┏━━

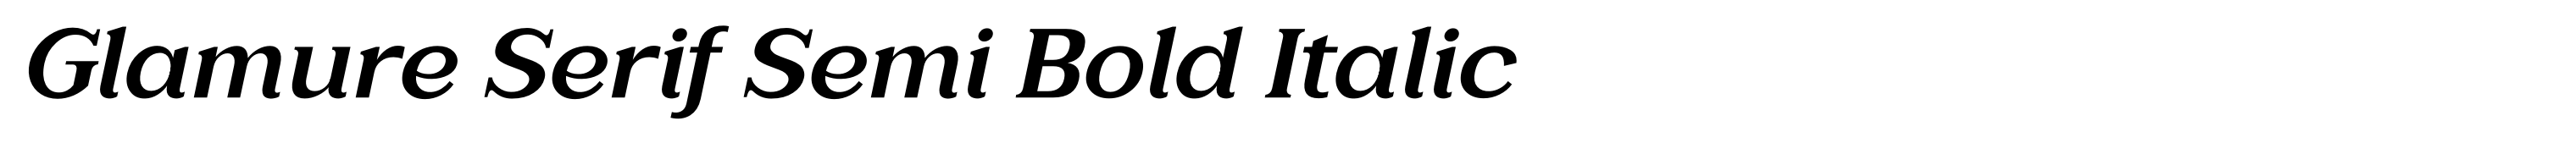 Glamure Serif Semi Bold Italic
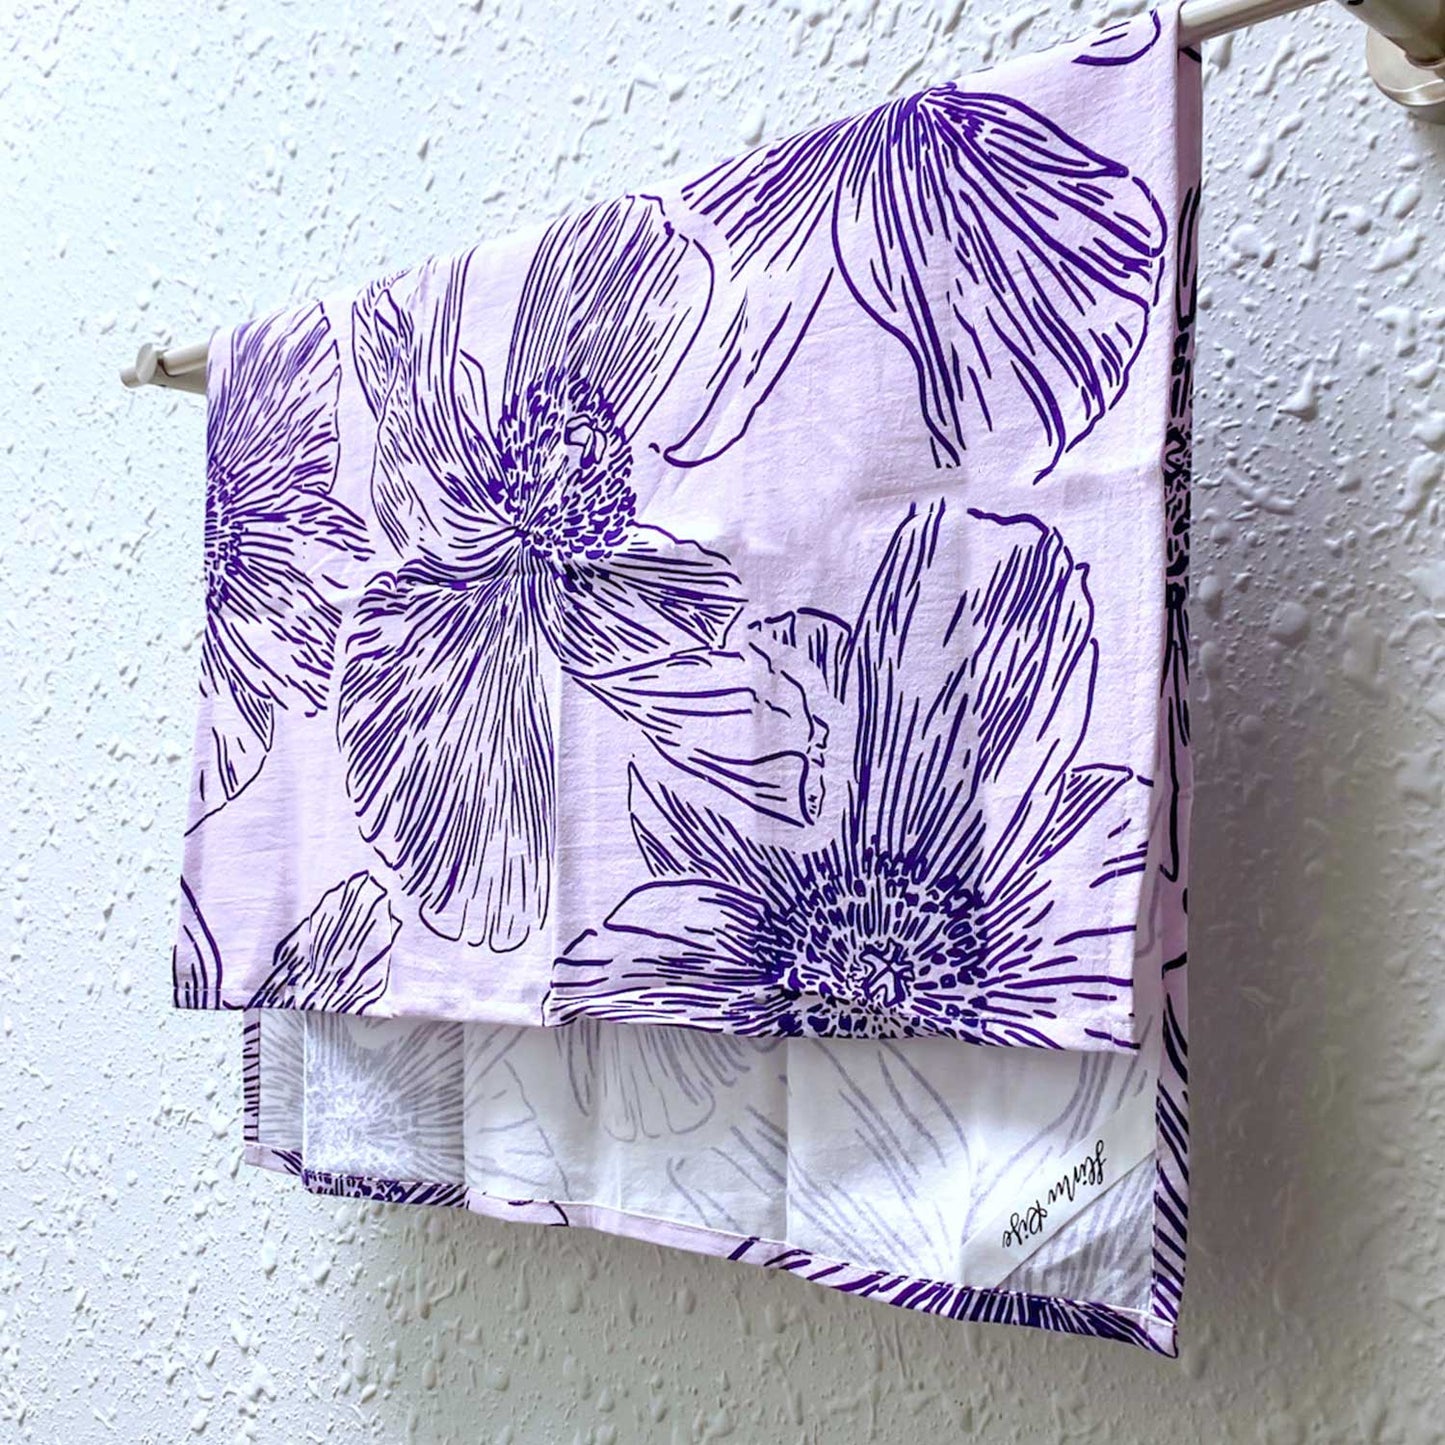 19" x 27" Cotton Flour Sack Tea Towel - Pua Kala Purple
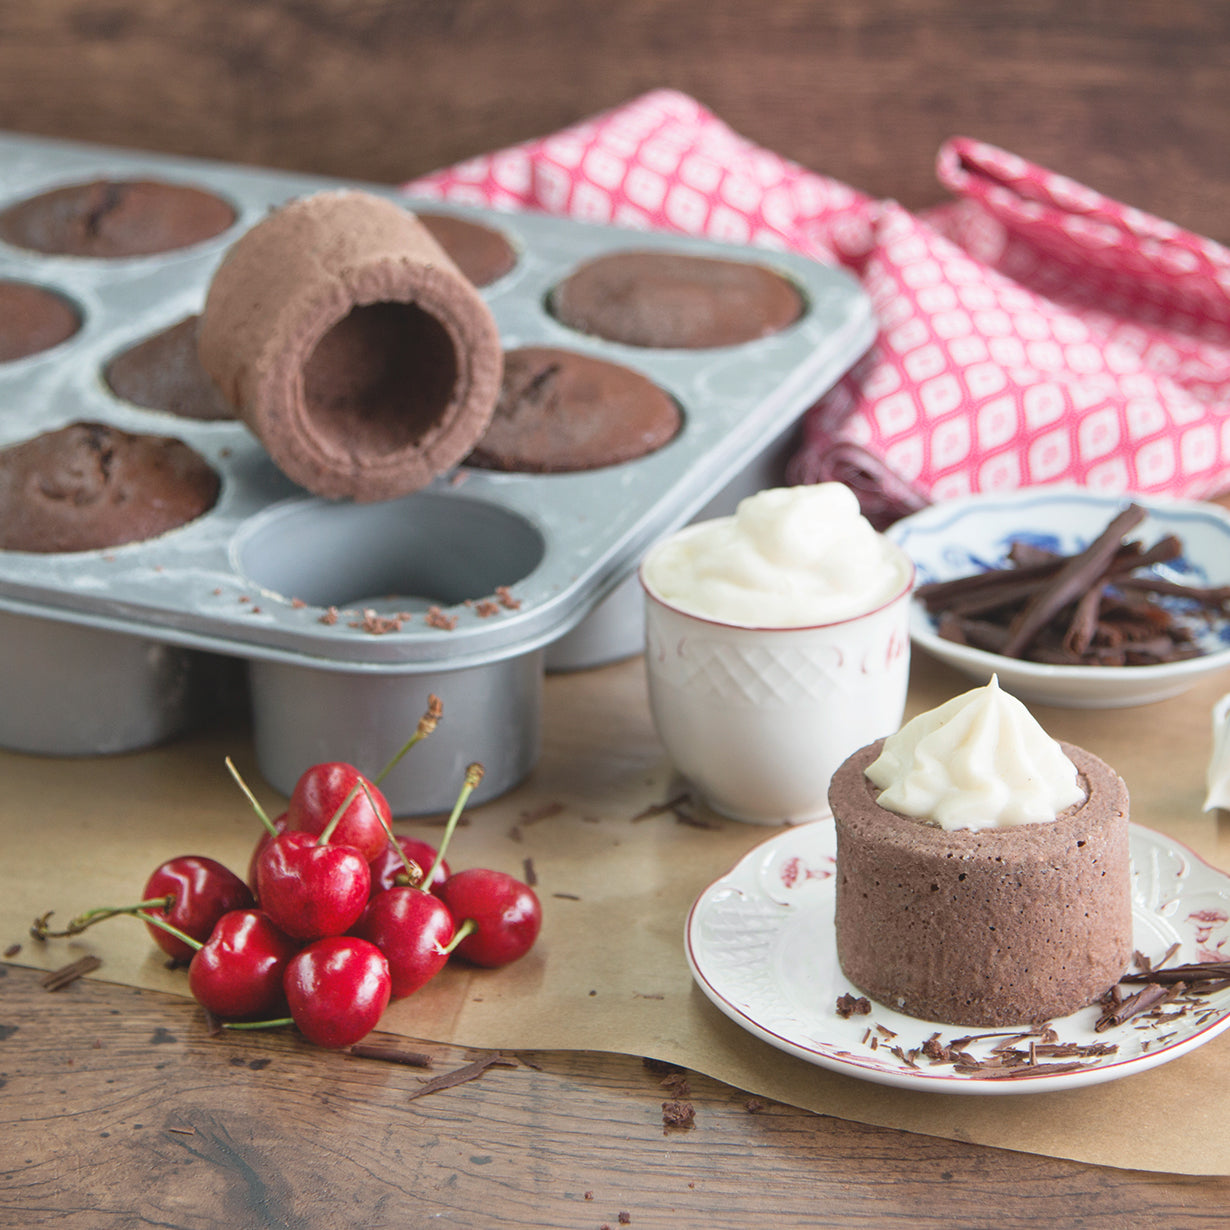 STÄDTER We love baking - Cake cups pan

┗━━

• **ABOUT THIS TASK**
From the first line to the last, return the material above exactly, apart from the pictures.

• **EXERCISE RESULT**
 Glamure Serif Semi Bold Italic
 19" x 27" Cotton Flour Sack Tea Towel - Pua Kala Purple
 STÄDTER We love baking - Cake cups pan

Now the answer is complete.